Months before her death in 2004, an aging Sara Wingard told my classmate who visited her, “If you have a memorial service for me, I will come back to haunt you.”
To say that Sara Wingard’s legacy lives on is an understatement—and that very phrase—her legacy lives on—has just the kind of saccharine sweetness, worshipful corniness, stilted greeting-card prosody that Sara must have had in mind when she forbade any kind of formal posthumous praise of her. And if anyone could, from beyond the grave, smack down a roomful of kiss-ups and buffoons and legalistic demagogues with a single raised eyebrow, it’s Sara Wingard.

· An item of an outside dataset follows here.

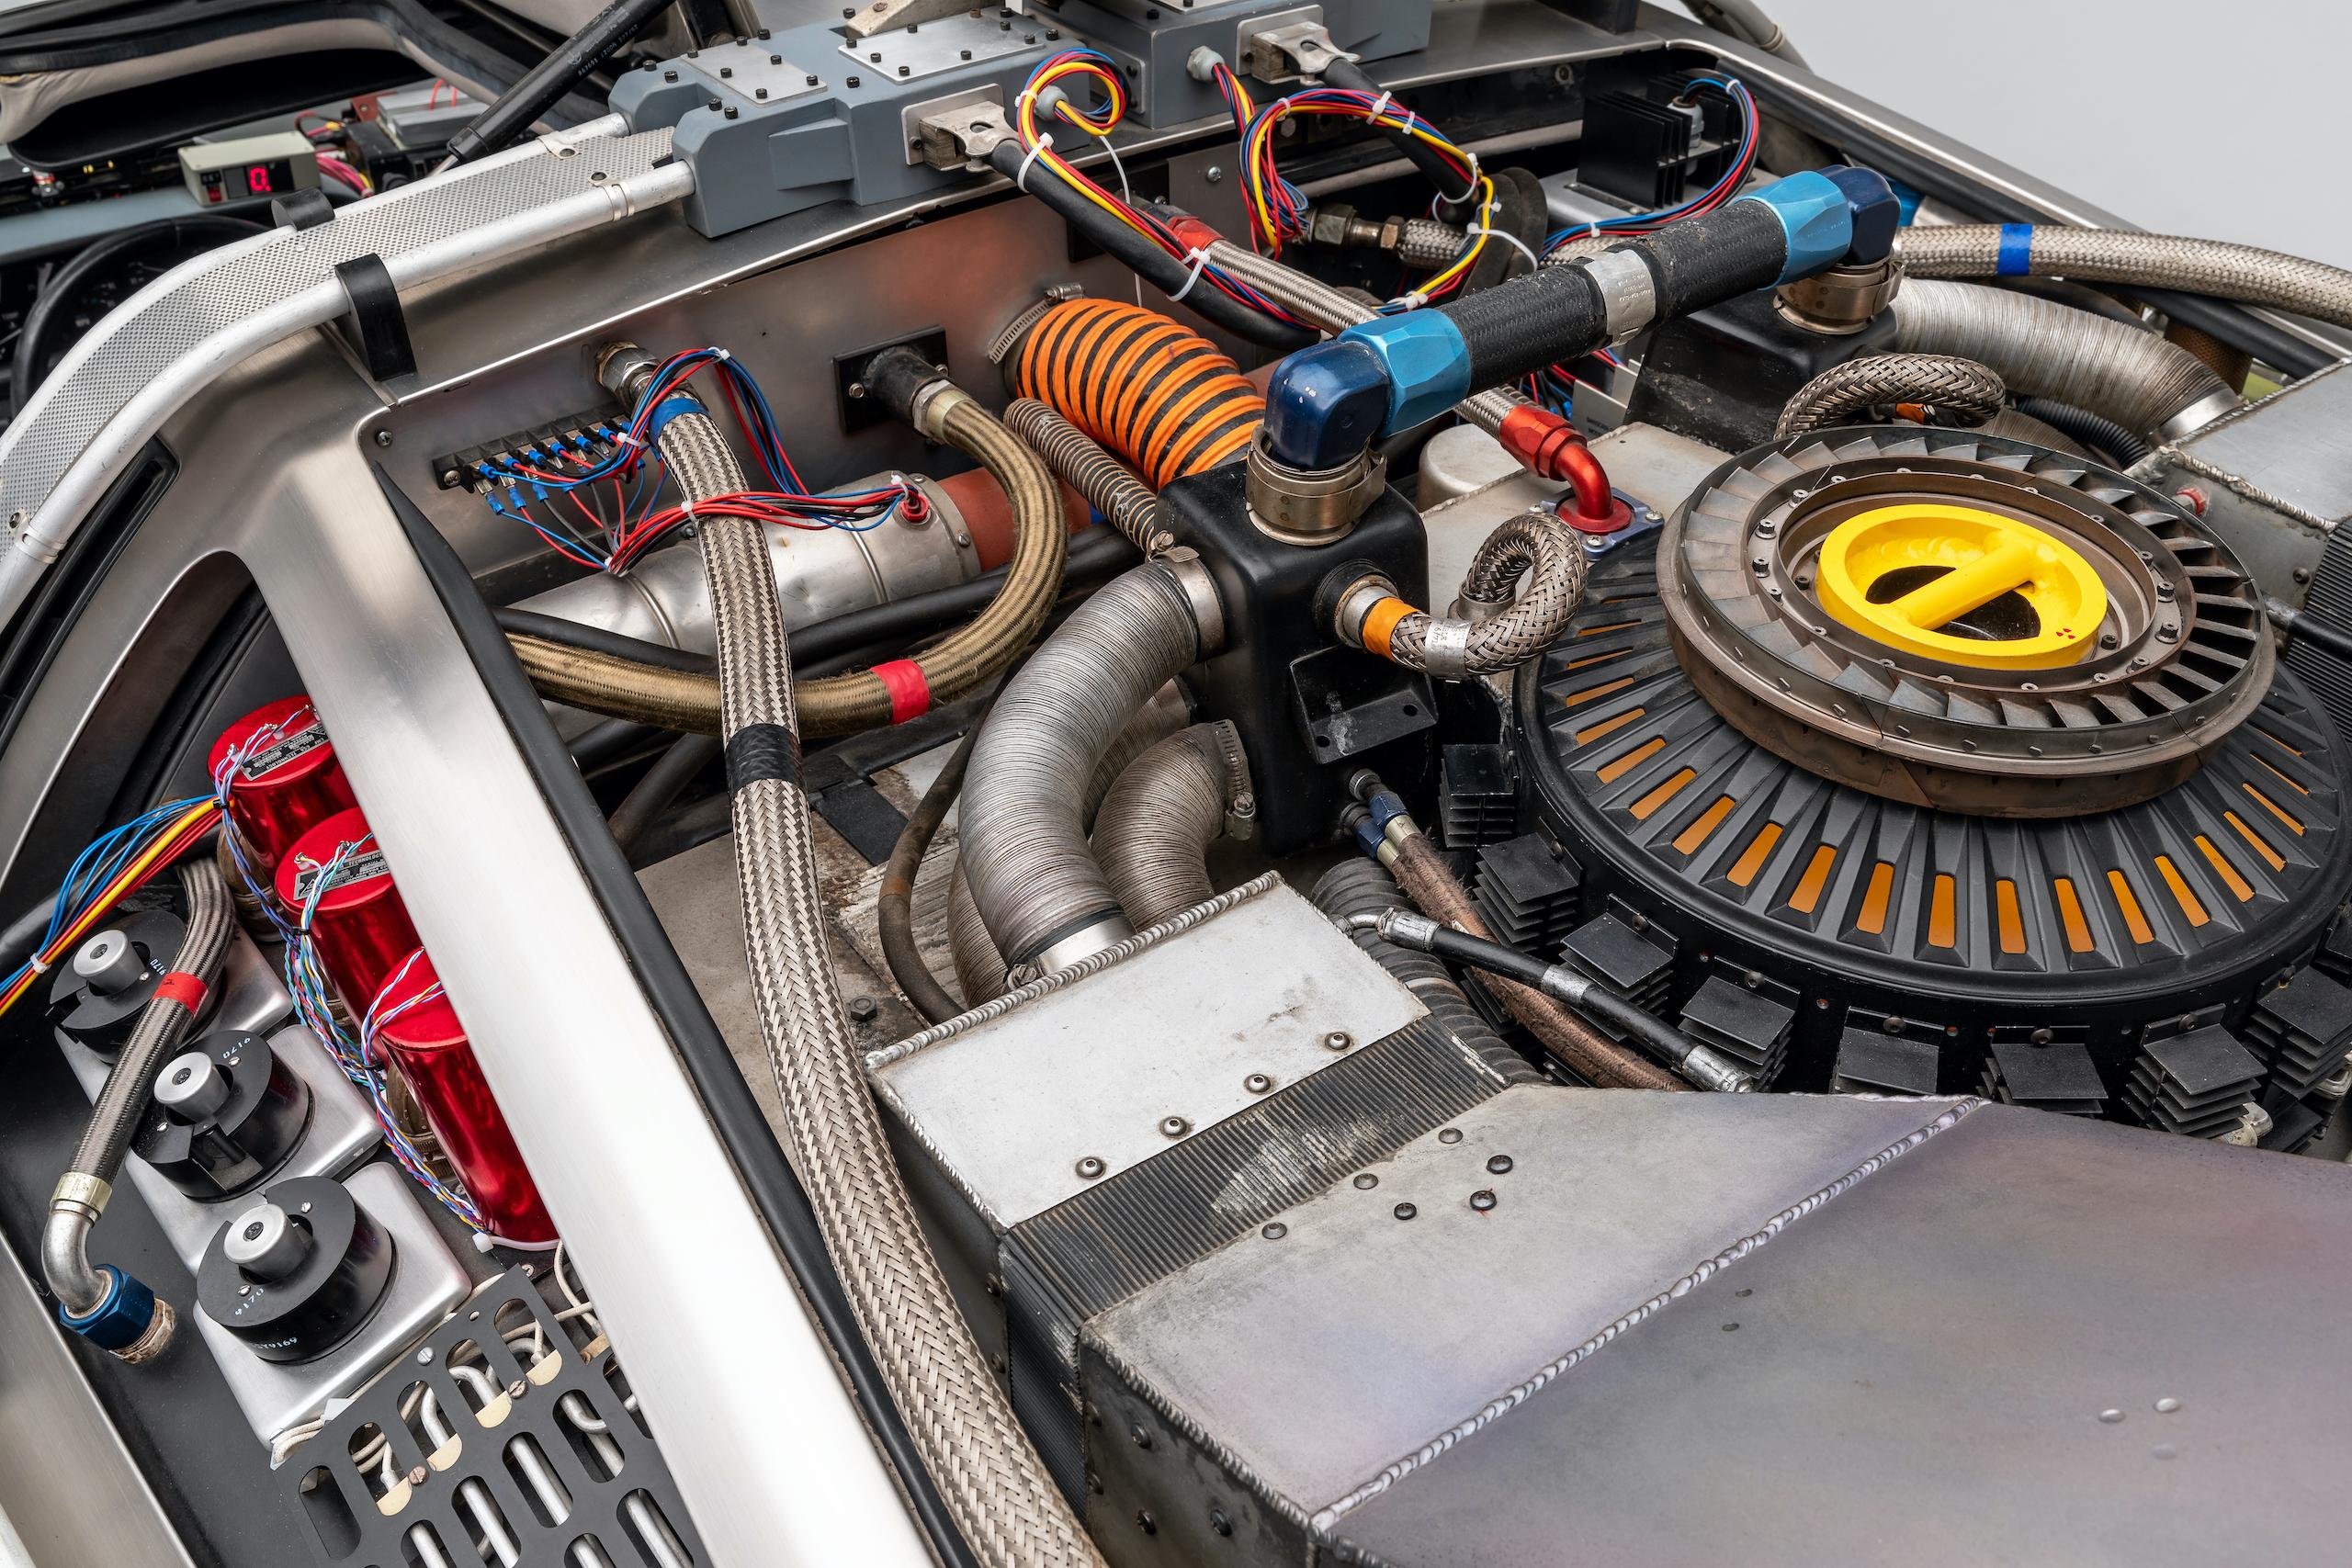 Back to Future DeLorean rear engine detail

Hear her voice: “Shame on you, Shorter University.” Hear how she pauses for rhetorical effect. Now she whispers, just to me, that when I’m done writing this, she and I are going to have a little private talk about my breaking her anti-memorializing mandate.
I’m up for the challenge and I’ll take what’s coming. As 1985 alum Dan Treadaway said in the letter announcing his tough decision this year to remove Sara’s name from a scholarship endowment he established in her honor, “I know that when I see Sara Wingard again, I will do so with a clear conscience.” I stand with Dan and more than a generation of students shaped by Sara Wingard’s career at Shorter College. It’s Sara’s and Shorter’s longstanding tradition of academic excellence I’m fighting for, a legacy Shorter University’s misguided trustees and administrators and backroom planners are killing—as this year’s astronomical number of departing faculty and staff demonstrates. Sara herself would be, were she alive, one of those departing faculty. She’d not go silently. I’d hate to be the recipient of the copiously detailed written criticisms she’d dole out to Shorter’s current leadership. Five-foot and formidable Sara Wingard—vocal, articulate, and never unprepared—embodied the very spirit of Shorter College. Sara’s Shorter always promoted critical thinking, academic freedom, and serious intellectual inquiry. She refused to stand down in any challenge of such academic excellence.
I should know.
I came to Shorter in 1985 as a Solid Student of Great Potential but a salty smartypants sometime-fly-by-nighter. Sara, diminutive though she was, had the look of an imperial schoolmarm—impeccably and traditionally dressed, always positioned behind the podium with books and notes, with glasses perched on the end of her nose to intensify the beam of her laser stare. Severe arthritis had knotted her hands—and we’d learn later that she often taught us in great pain, that she’d get up early to warm her joints to make it through the day, that sometimes the pain would be so torturous she’d have to stay home in bed—but to a roomful of naive first-semester freshmen in Honors Comp, her body’s stiffness conveyed a kind of severity that made us tremble. Some of our concern was grounded. She never gave us grades: we just had to write and rewrite papers until she said we were done. As one who believed myself (at seventeen, mind you) an accomplished writer—and as one enamored with Vonnegut-esque irreverence—I had to suck up my stylistic pride and adapt to Sara Wingard’s requirements for a formalism I thought belonged to decades past.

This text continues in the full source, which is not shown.